§ **DATA SECTION**:
※ ※ ※
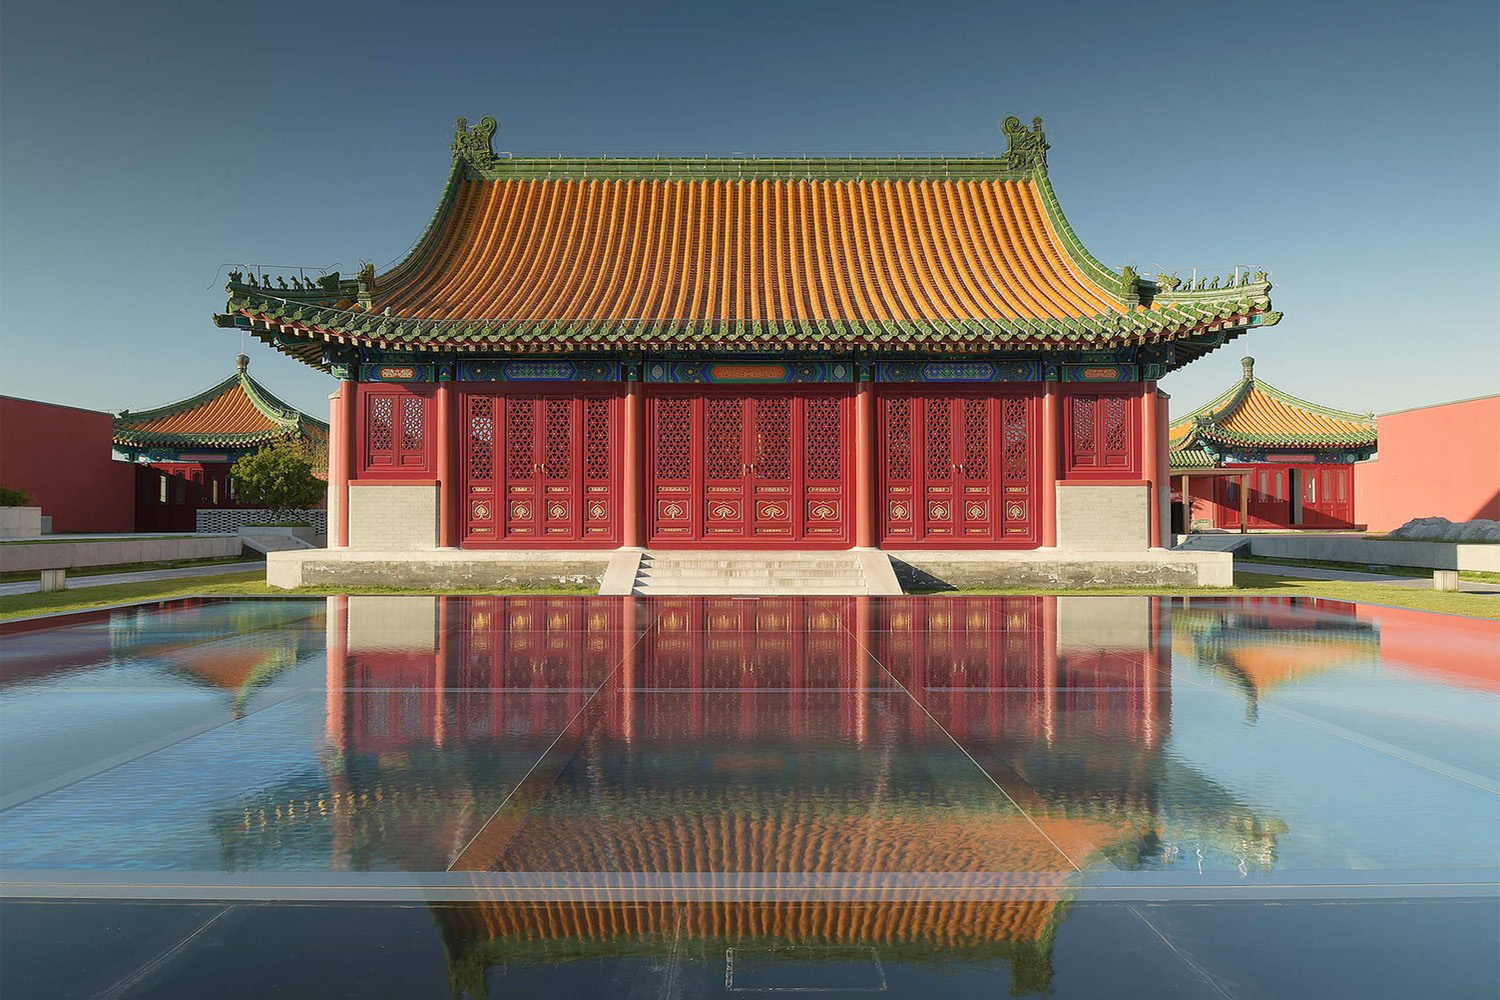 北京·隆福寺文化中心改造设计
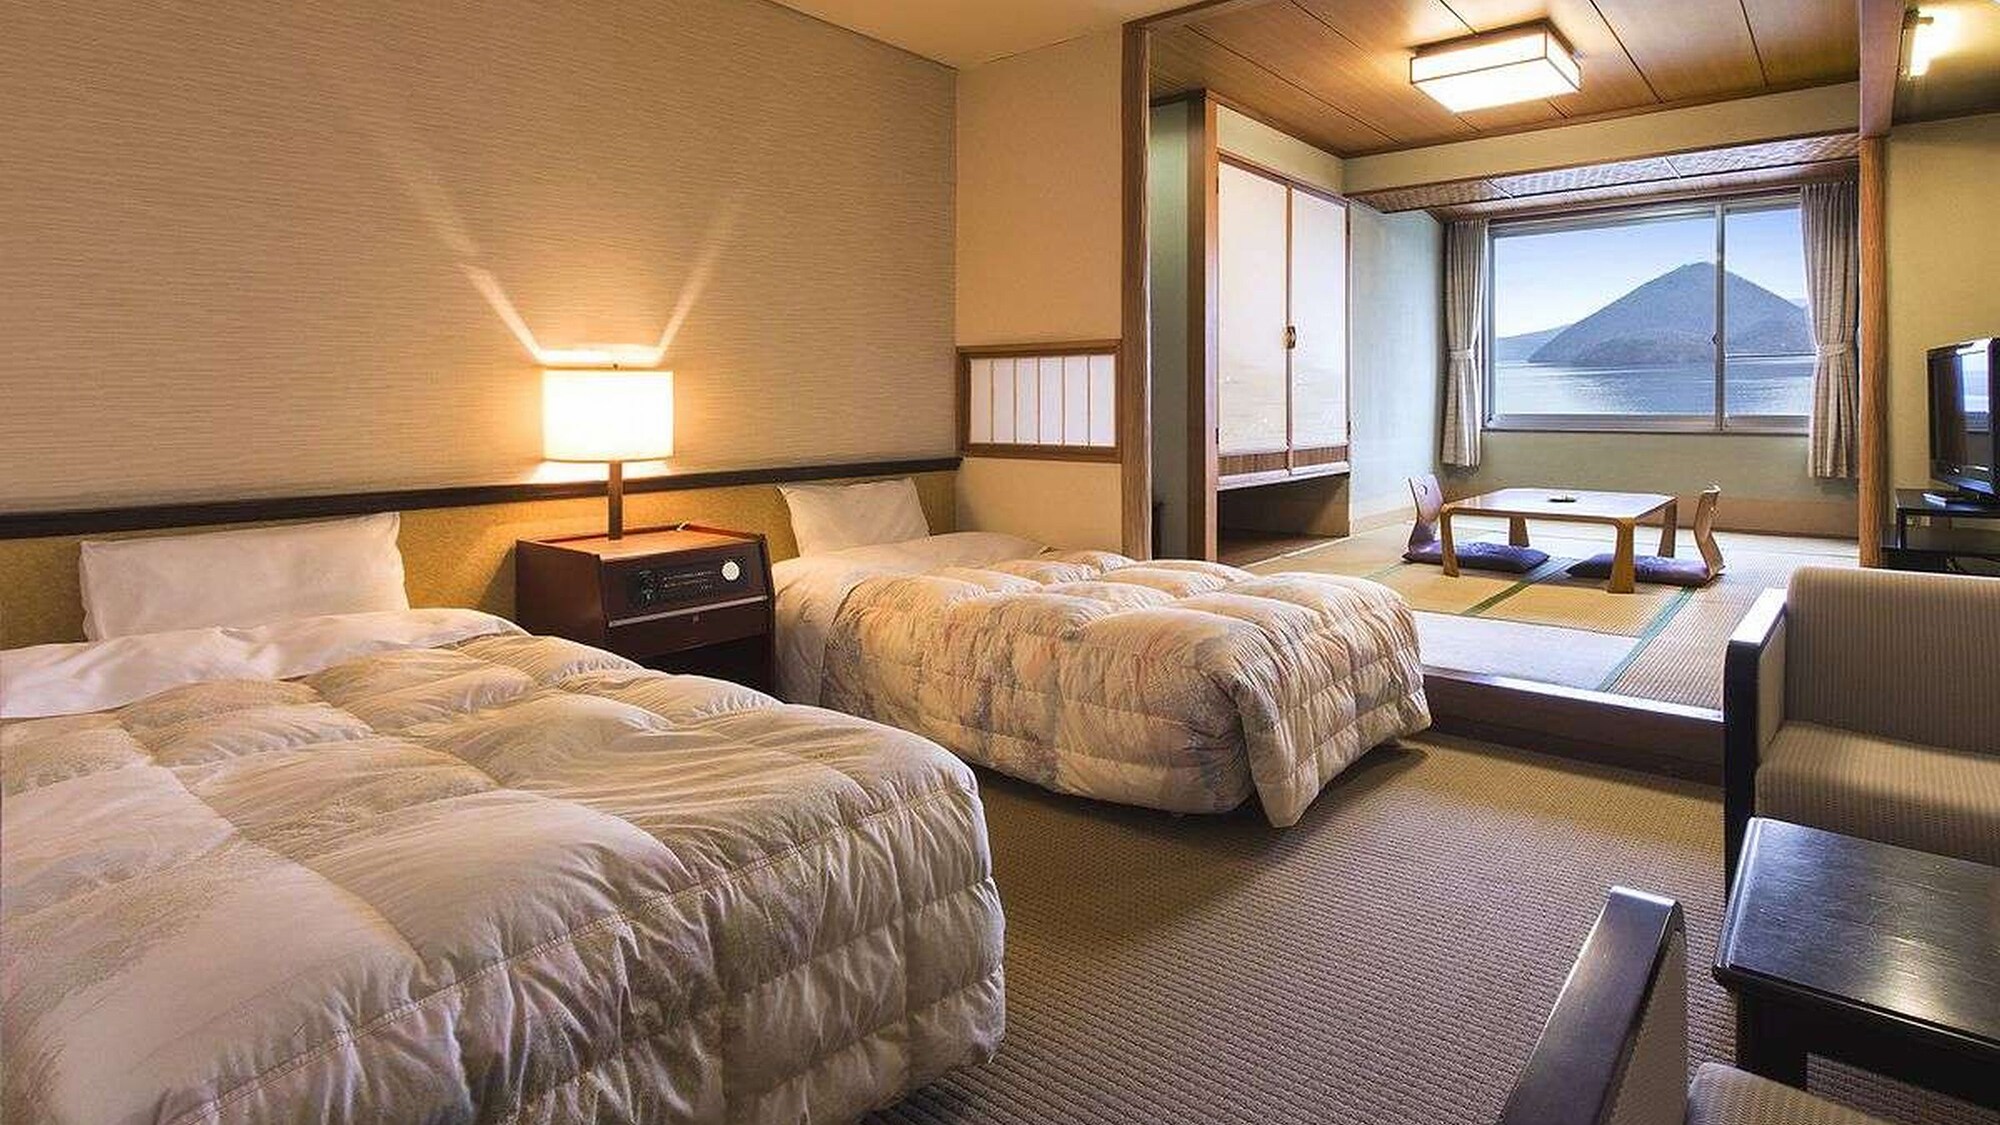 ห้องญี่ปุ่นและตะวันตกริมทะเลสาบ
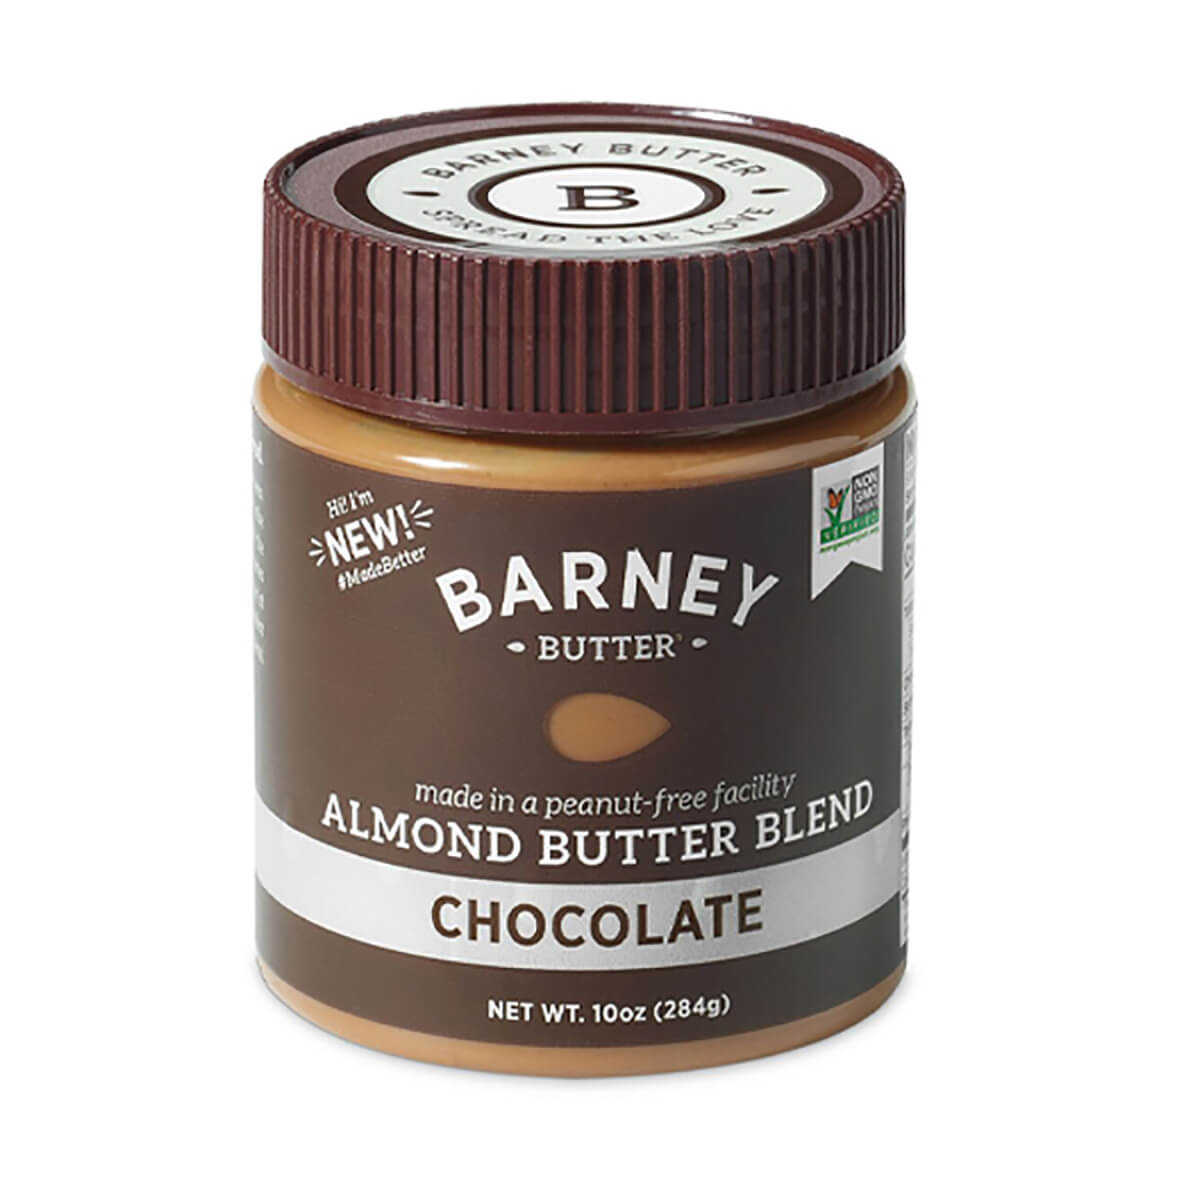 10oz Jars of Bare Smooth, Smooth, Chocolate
※ ※ ※
What's needed is a word-for-word retyping of the listing, minus its pictures.

 北京·隆福寺文化中心改造设计
 ห้องญี่ปุ่นและตะวันตกริมทะเลสาบ
 10oz Jars of Bare Smooth, Smooth, Chocolate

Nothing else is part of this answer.